With the prolific growth of the World-Wide Web (WWW) [Berners-Lee et.al, 1992] in the past year there has been an increased demand for an understanding of the WWW audience. Several studies exist that determine demographics and some behavioral characteristics of WWW users via self-selection [Pitkow and Recker 1994a & 1994b]. Though highly informative, such studies only provide high level trends in Web use (e.g. frequency of Web browser usage to access research reports, weather information, etc). Other areas of audience analysis, such as navigation strategies and interface usage remain unstudied. Thus, the surveys provide estimations of who is using the WWW, but fail to provide detailed information on exactly how the Web is being used. Actual user behavior, as determined from client-side log file analysis, can supplement the understanding of Web users with more concrete data. Log file analysis also yields design and usability guidelines for WWW pages, sites and browsers.

This paper presents the results of a three week study conducted at Georgia Institute of Technology that captured client-side user events of NCSA's XMosaic. Specifically, the paper will first present a review of related hypertext browsing and searching literature and how it's related to the Web, followed by a description of the study's methodology. An analysis of user navigation patterns ensues. Lastly, a discussion and recommendations for document design are presented.

Literature Review

Many studies have addressed user strategies and usability of closed hypermedia systems, databases and library information systems [Caramel et. al., 1992]. Most distinguish between browsing and searching. Cove and Walsh [Cove et. al. 1988] include a third browsing strategy:

  1. Search browsing; directed search; where the goal is known
  2. General purpose browsing; consulting sources that have a high likelihood of items of interest
  3. Serendipitous browsing; purely random

This continuum provides a nice middle ground to distinguish between browsing as a method of completing a task and open ended browsing with no particular goal in mind. Marchionini [Marchionini, 1989] further develops this distinction in designating open and closed tasks. Closed tasks have a specific answer and often integrate subgoals. Open tasks are much more subject oriented and less specific. Browsing can be used as a method of fulfilling either open or closed tasks.
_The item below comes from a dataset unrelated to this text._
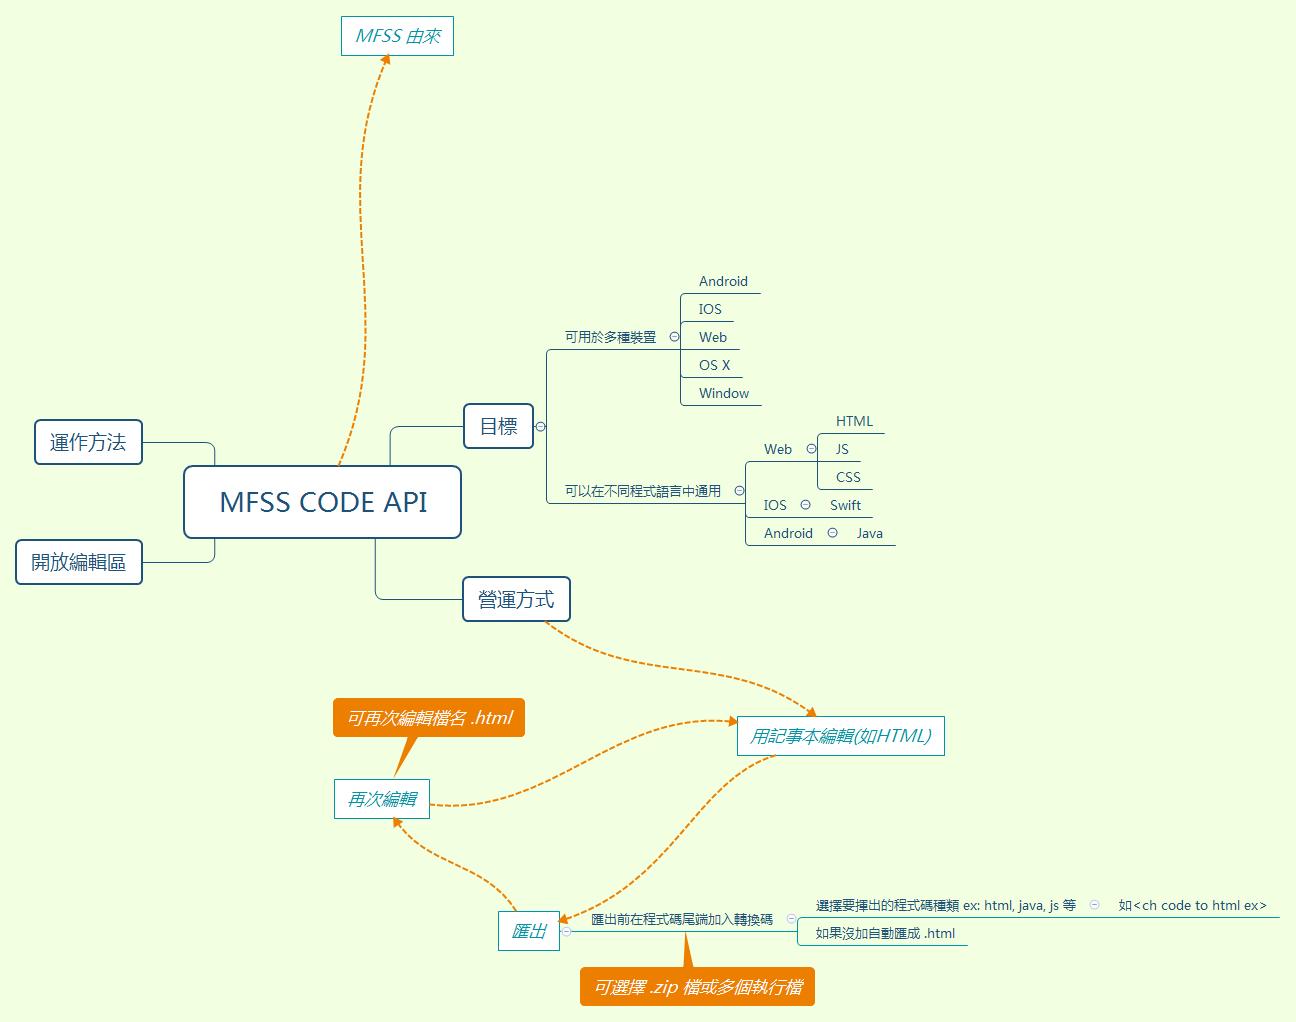 MFSS Code API

Intuitively, it would seem that browsing and searching are not mutually exclusive activities. In Bates's [Bates, 1989] work on berrypicking, a user's search strategy is constantly evolving through browsing. Users often move back and forth between strategies. Similarly, Bieber and Wan [Bieber & Wan, 1994] discuss the use of backtracking within a multi-windowed hypertext environment. They introduce the concept of "task-based backtracking," in which a user backtracks to compare information from different sources for the same task or to operate two tasks simultaneously. A similar technique, in a Web environment, would be backtracking to review previously retrieved pages.

All of these studies were performed on closed, single-author systems. The WWW however, is an open, collaborative and exceedingly dynamic hypermedia system. These previous findings provide the basis and structure for the describing the ways a user population behaves in a dynamic information ecology, like the WWW.
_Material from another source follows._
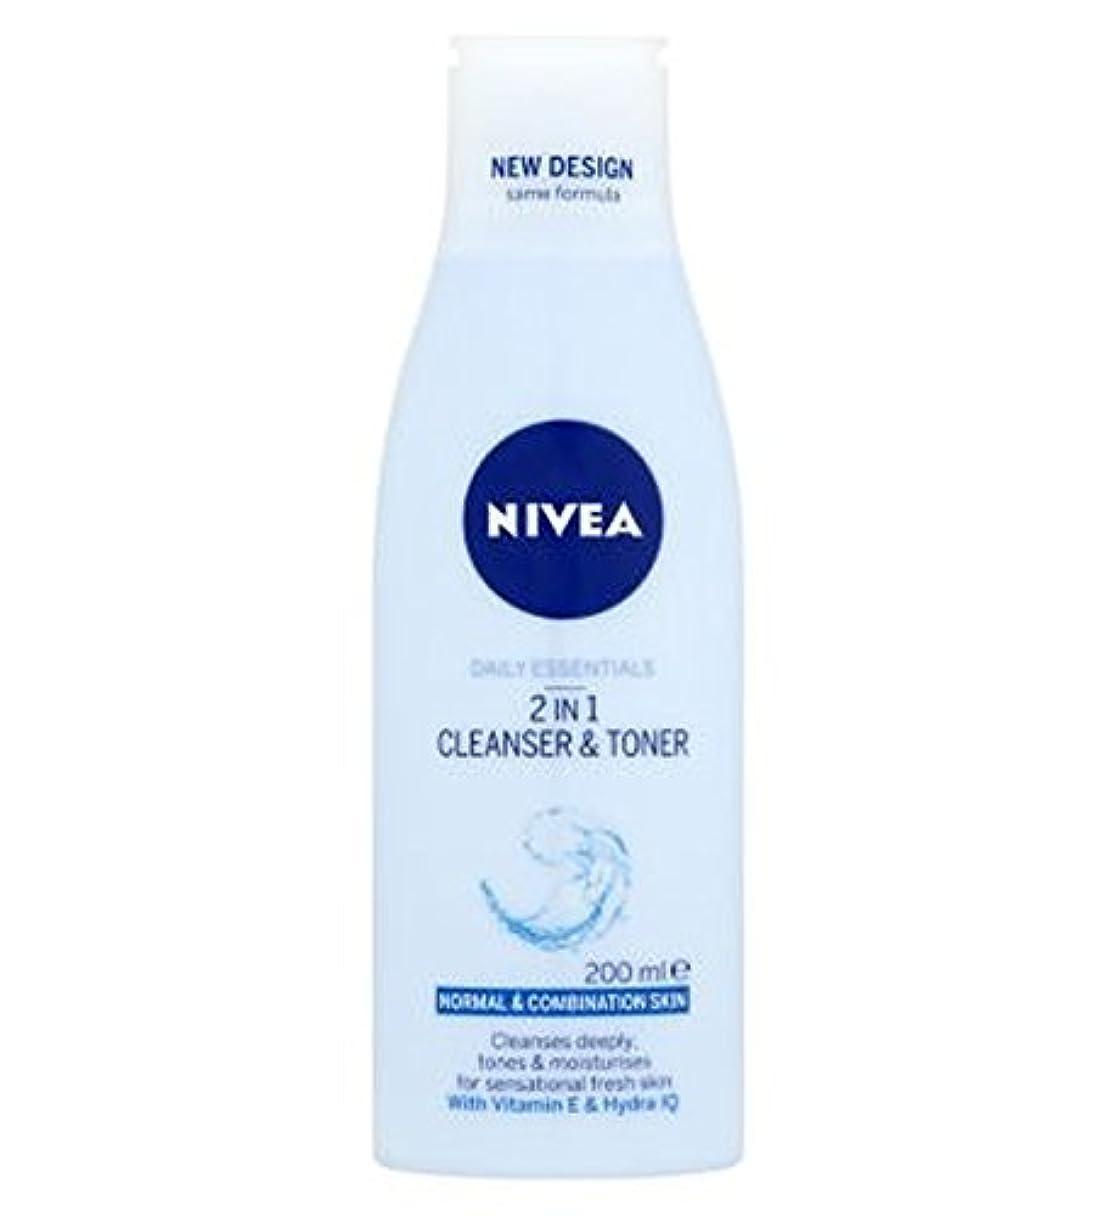 達成するファンド仮説Nivea Daily Essentials 2 in 1 Cleanser and Toner 200ml - ニベア生活必需品2 1クレンザーとトナー200ミリリットルで (Nivea) [並行輸入品]

Given that we expect to find the same kinds of strategies used in the WWW, supporting both the browser and the searcher in designing WWW pages and servers is necessary, although difficult. Furthermore, supporting the kind of task switching described by Bates and Beiber and Wan adds another level of complexity because the work implies that a user should be able to switch strategies at any time.
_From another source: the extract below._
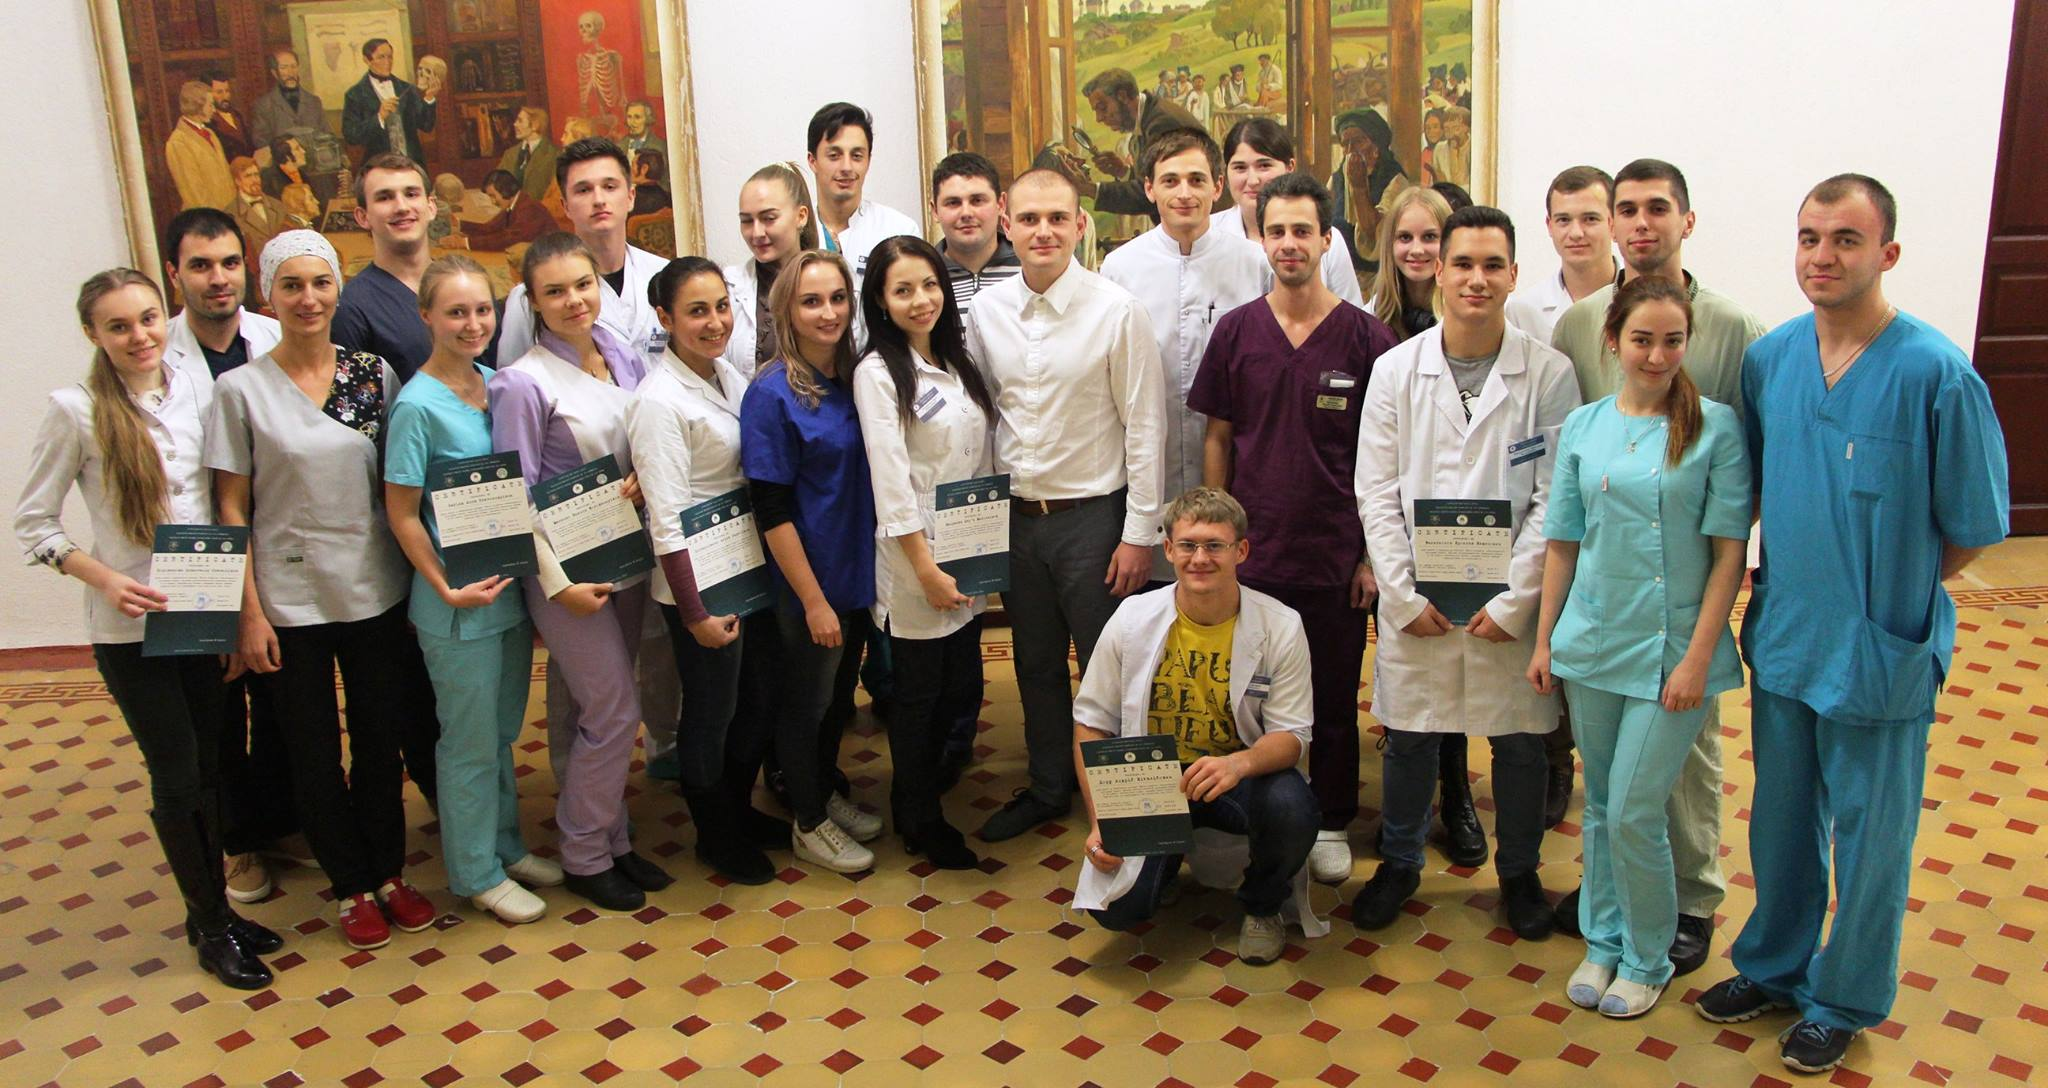 Armata Manus Basic Surgical School

It has long been recognized that methods for supporting directed searching are needed. As a response to this, certain WWW servers are completely searchable and there are World-Wide Web search engines available.

Supporting browsing, though, may be a more difficult task. Both Laurel [Laurel, 1991] and Bernstein approach the topic of how to assess and design hypertexts for the browsing user. Laurel considers interactivity to be the primary goal. She defines a continuum for interactivity along three variables: frequency (frequency of choices), range (number of possible choices) and significance (implication of choices). Laurel contends that users will pay the price "often enthusiastically -- in order to gain a kind of lifelikeness, including the possibility of surprise and delight." Bernstein takes a slightly different approach with his "volatile hypertexts" [Bernstein, 1991]. He argues that the value of hypertext lies in its ability to create serendipitous connections between unexpected ideas.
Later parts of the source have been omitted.